Your proof does not work, as we cannot conclude $y\in f(x)$ from $y=f(x)$.
Here is a correct proof: Let $x\in \bigcap_\alpha E_\alpha$, then $x\in E_\alpha$ for all $\alpha$. Therefore, $f(x)\in f(E_\alpha)$ for all $\alpha$, and we have $f(x)\in \bigcap_\alpha f(E_\alpha)$. By the definition of image under $f$, we have $f(\bigcap_\alpha E_\alpha)\subseteq\bigcap_\alpha f(E_\alpha)$.
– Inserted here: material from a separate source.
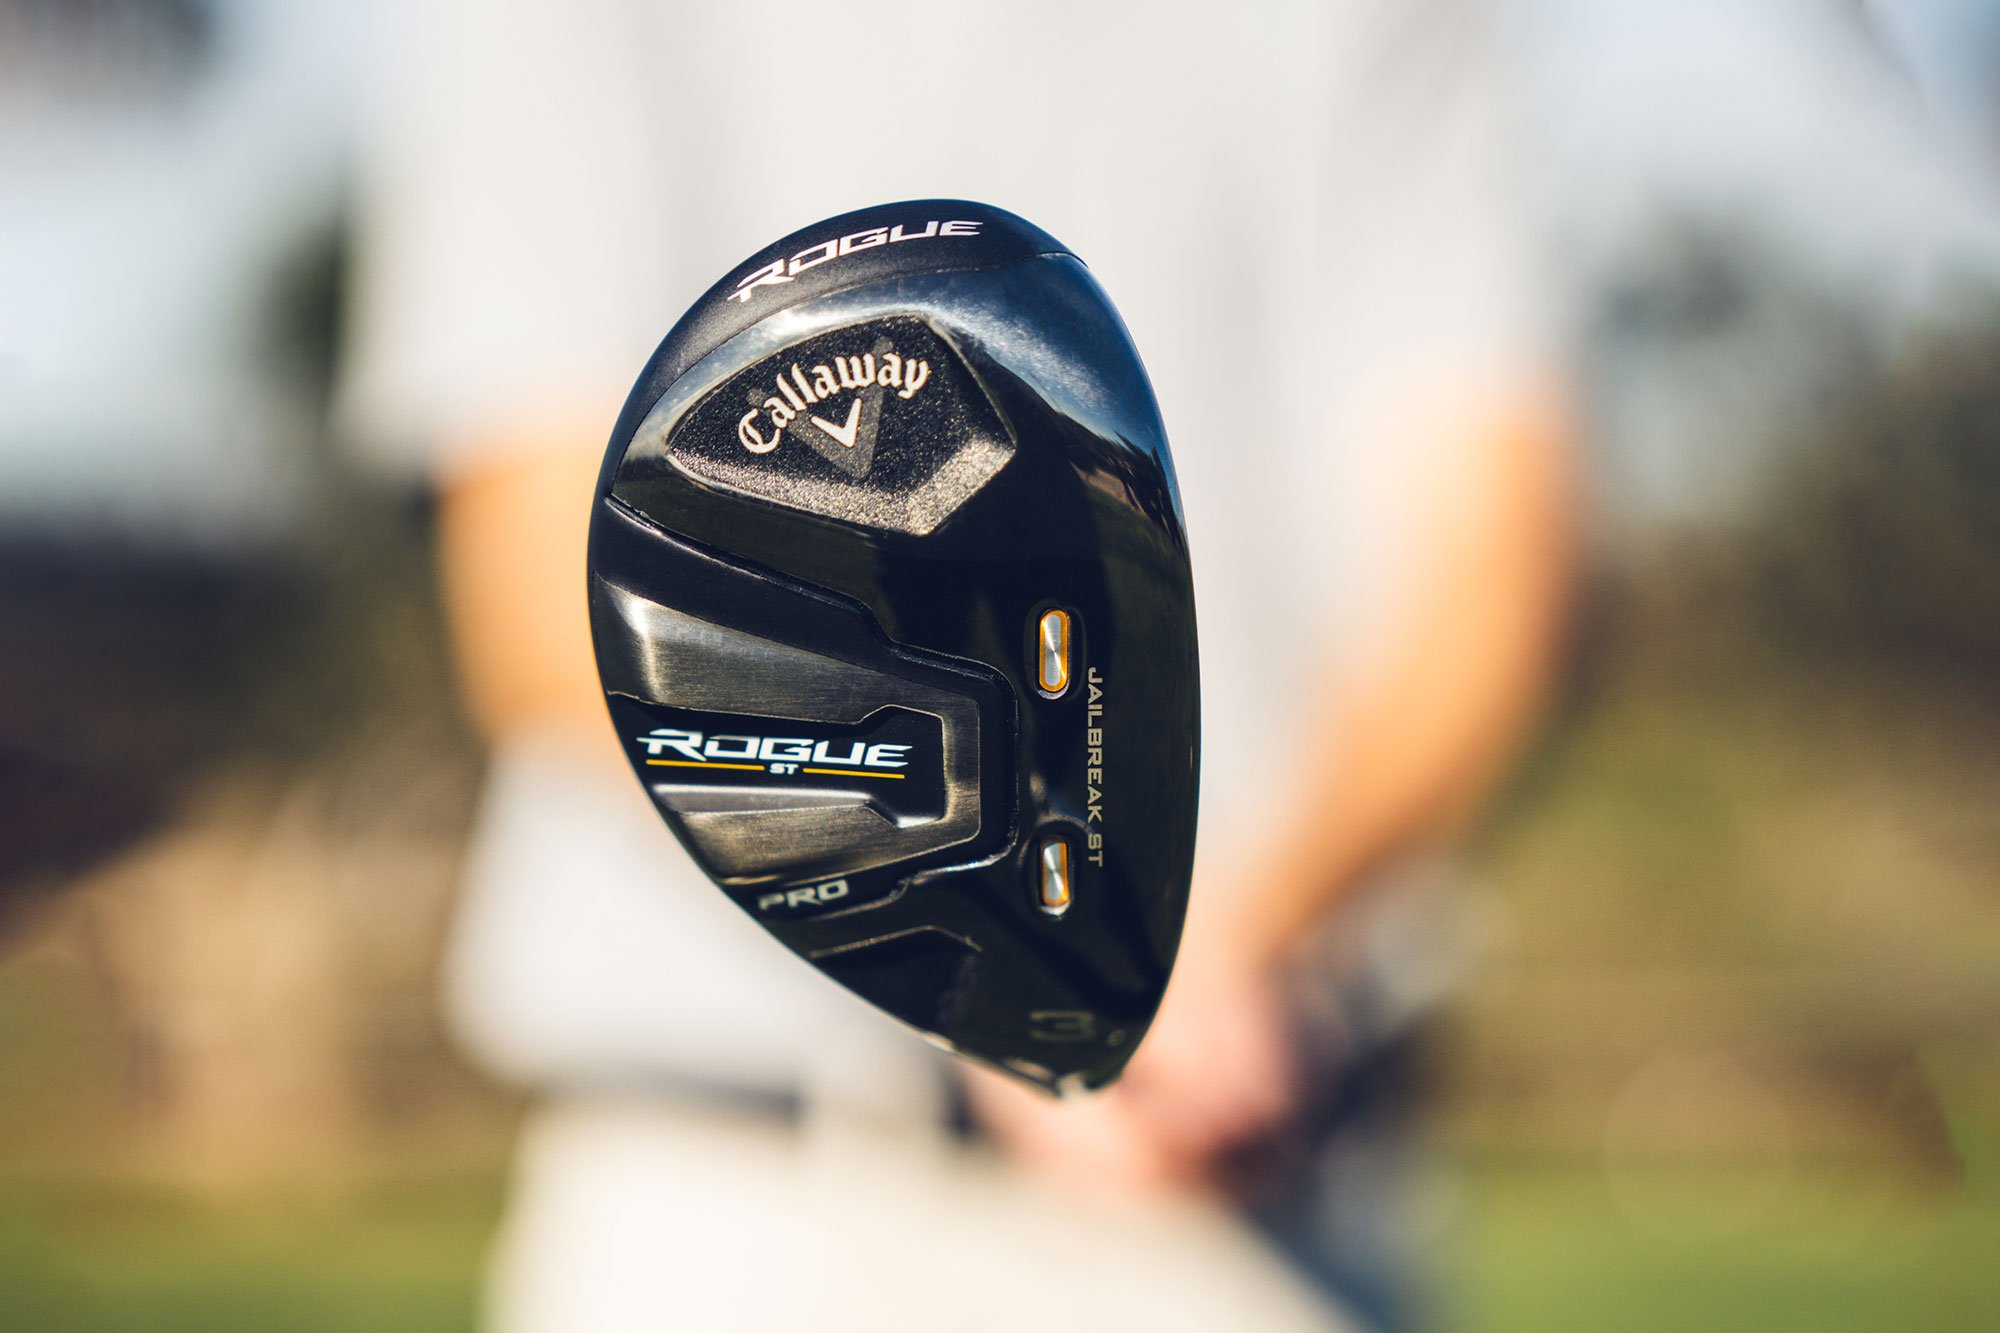 Callaway Rogue ST Pro hybrid review: Here's everything you need know!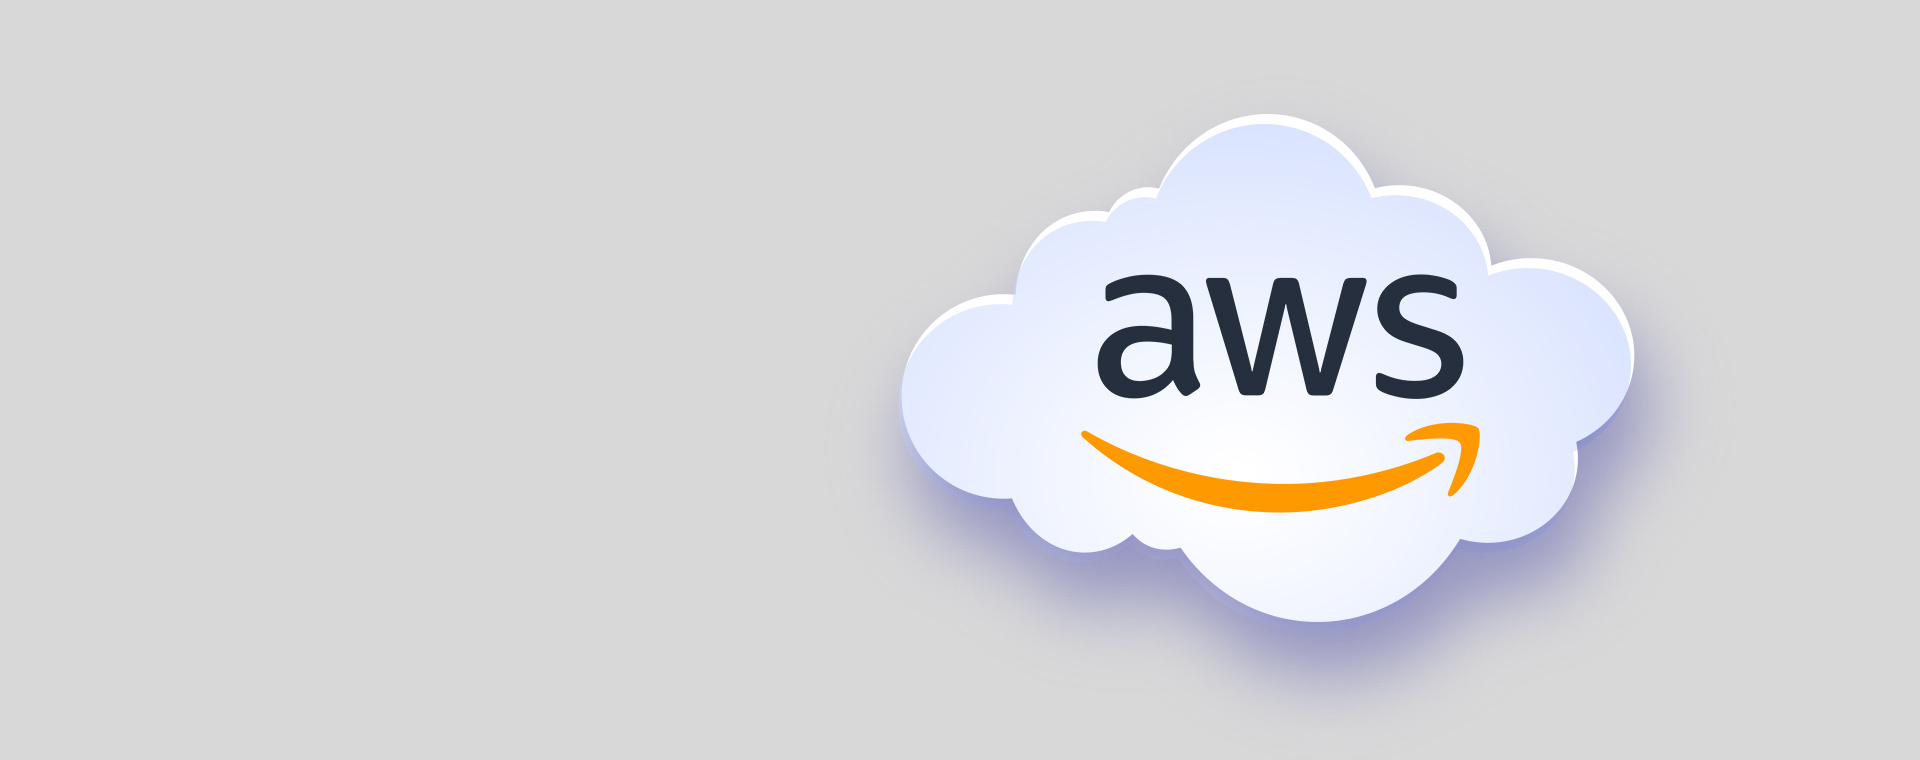 Experience seamless server management with AWS services combined with the added benefits of CloudLab services for optimal performance and efficiency

The reverse inclusion does not hold in general (A counterexample by copper.hat works.) If $f$ is one-to-one, however, we can show the reverse inclusion:
Let $f$ be one-to-one and $y\in \bigcap_\alpha f(E_\alpha)$. For $\alpha\neq \beta$, we have $x\in E_\alpha$ and $z\in E_\beta$ such that $f(x)=y=f(z)$. Then $x=z$ as $f$ is one-to-one, so $x\in E_\beta$. Since $\beta$ is arbitrary, we can conclude that $x\in\bigcap_\alpha E_\alpha$ and $y=f(x)\in f(\bigcap_\alpha E_\alpha).$